Your goal:
Print the listing below verbatim, passing over each picture.

Given material:
--- --- ---

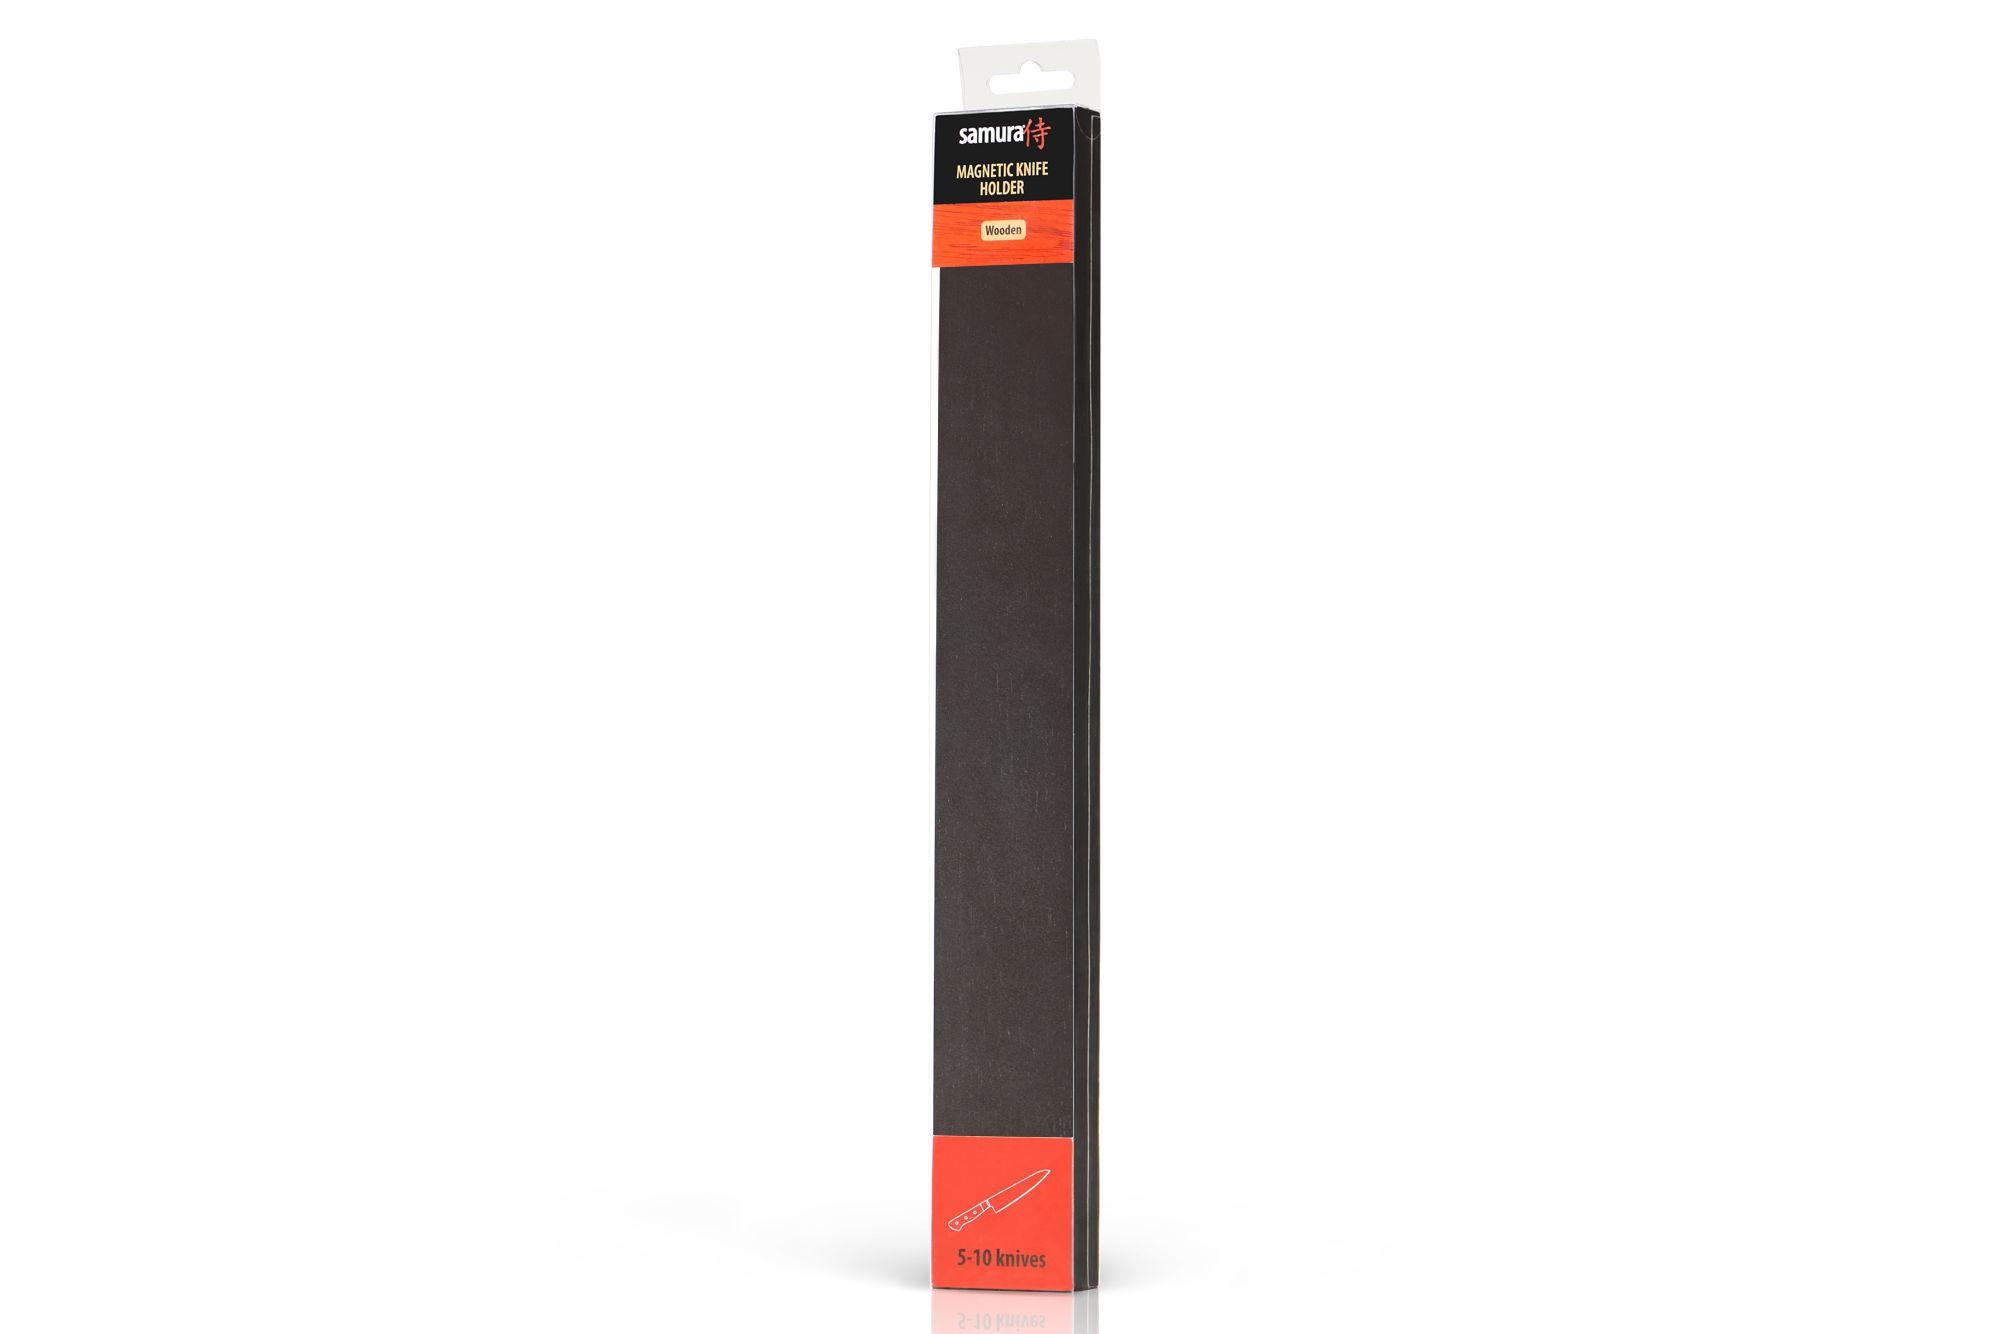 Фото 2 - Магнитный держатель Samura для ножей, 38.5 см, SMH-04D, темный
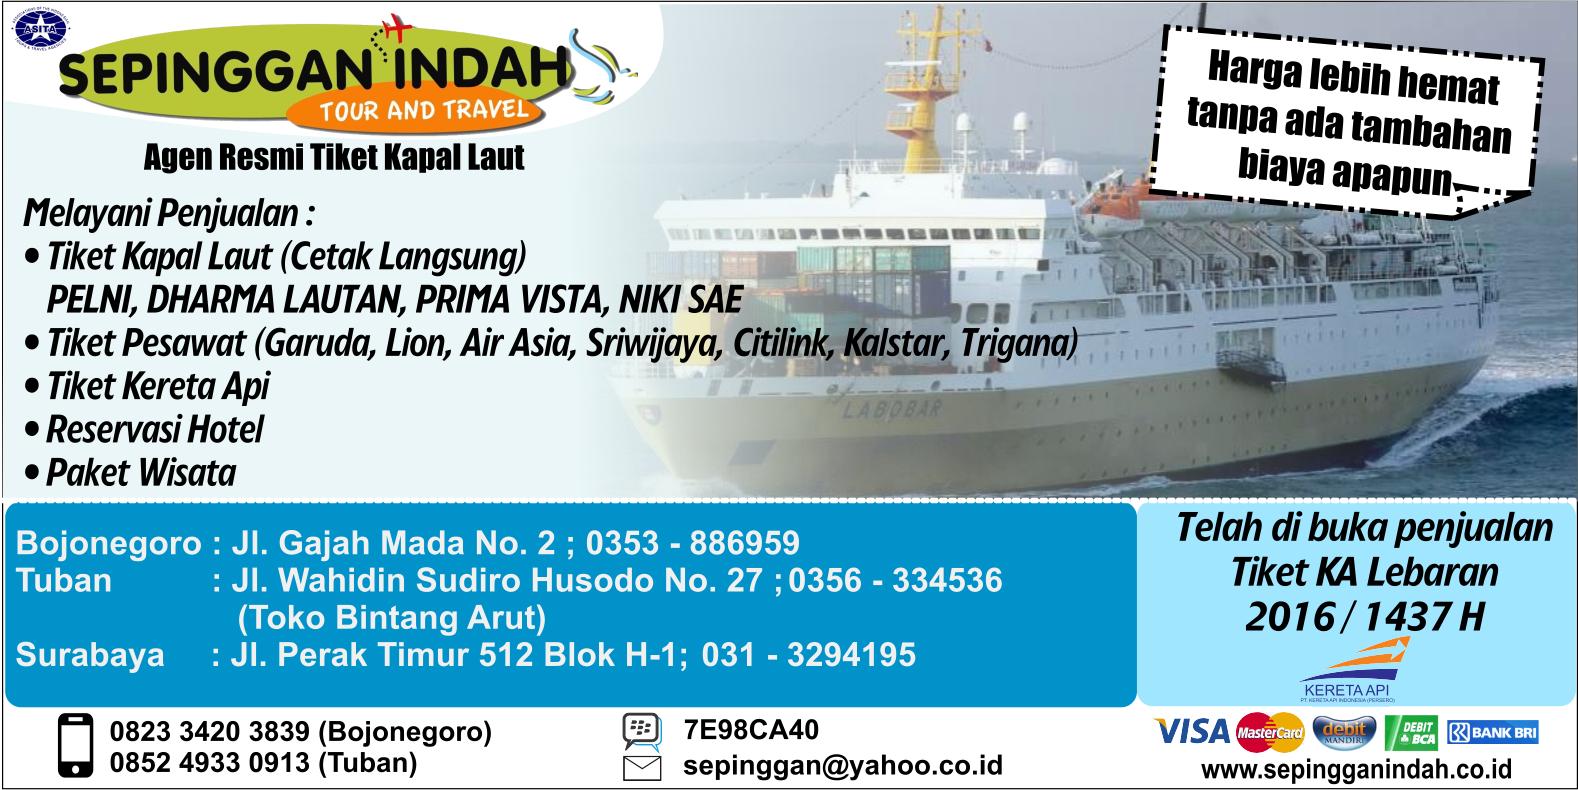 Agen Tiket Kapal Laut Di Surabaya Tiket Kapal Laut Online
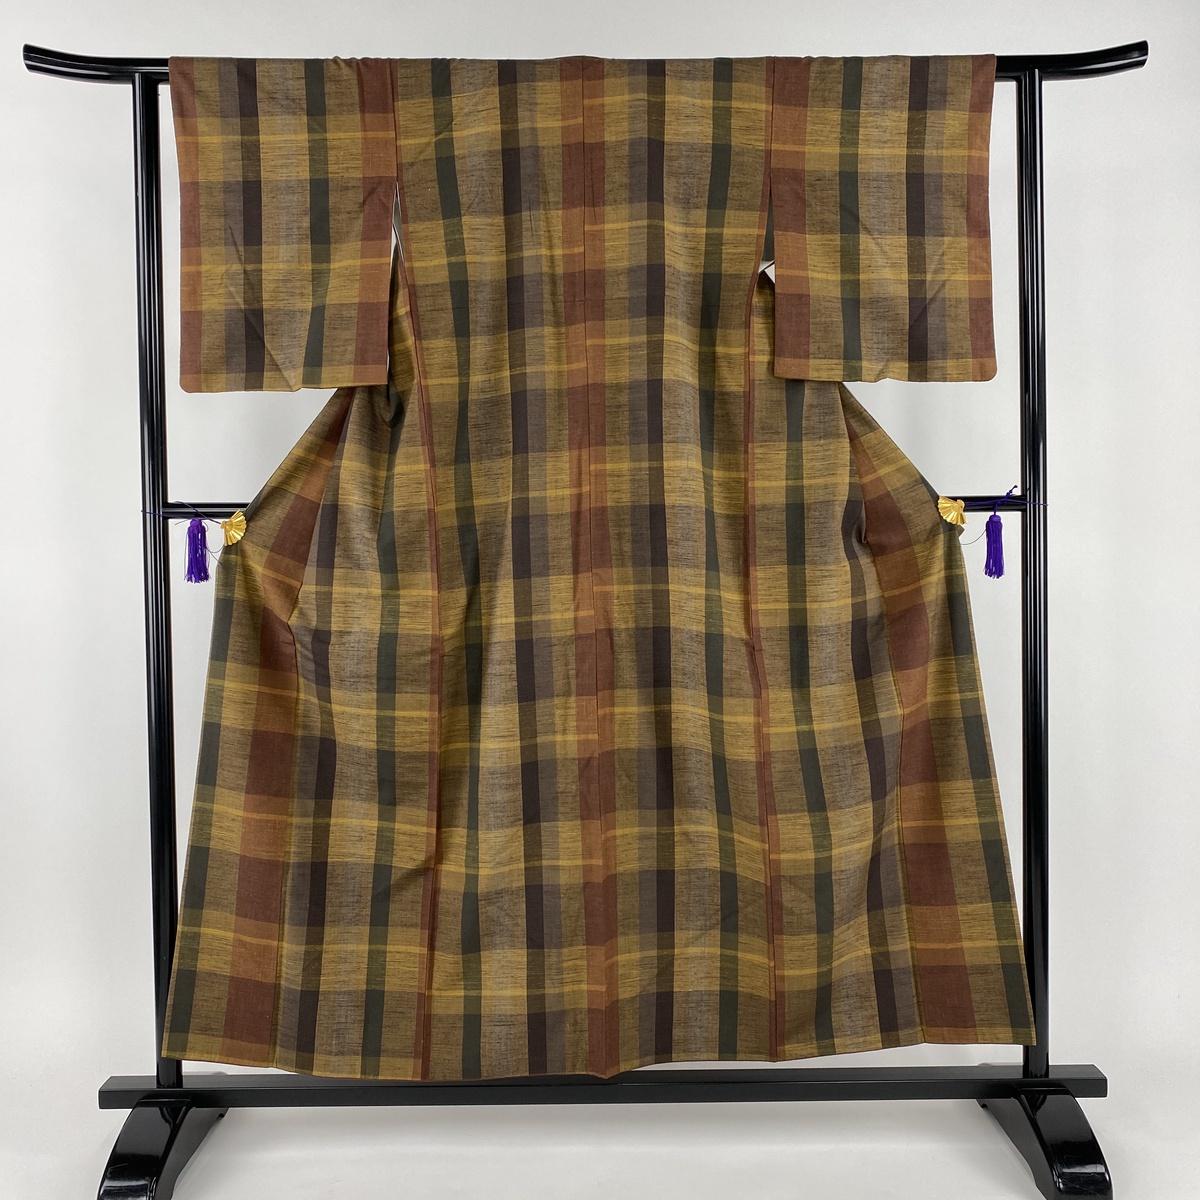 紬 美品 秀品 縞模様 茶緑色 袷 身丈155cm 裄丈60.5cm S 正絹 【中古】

--- --- ---

Output of the exercise:
 Фото 2 - Магнитный держатель Samura для ножей, 38.5 см, SMH-04D, темный
 Agen Tiket Kapal Laut Di Surabaya Tiket Kapal Laut Online
 紬 美品 秀品 縞模様 茶緑色 袷 身丈155cm 裄丈60.5cm S 正絹 【中古】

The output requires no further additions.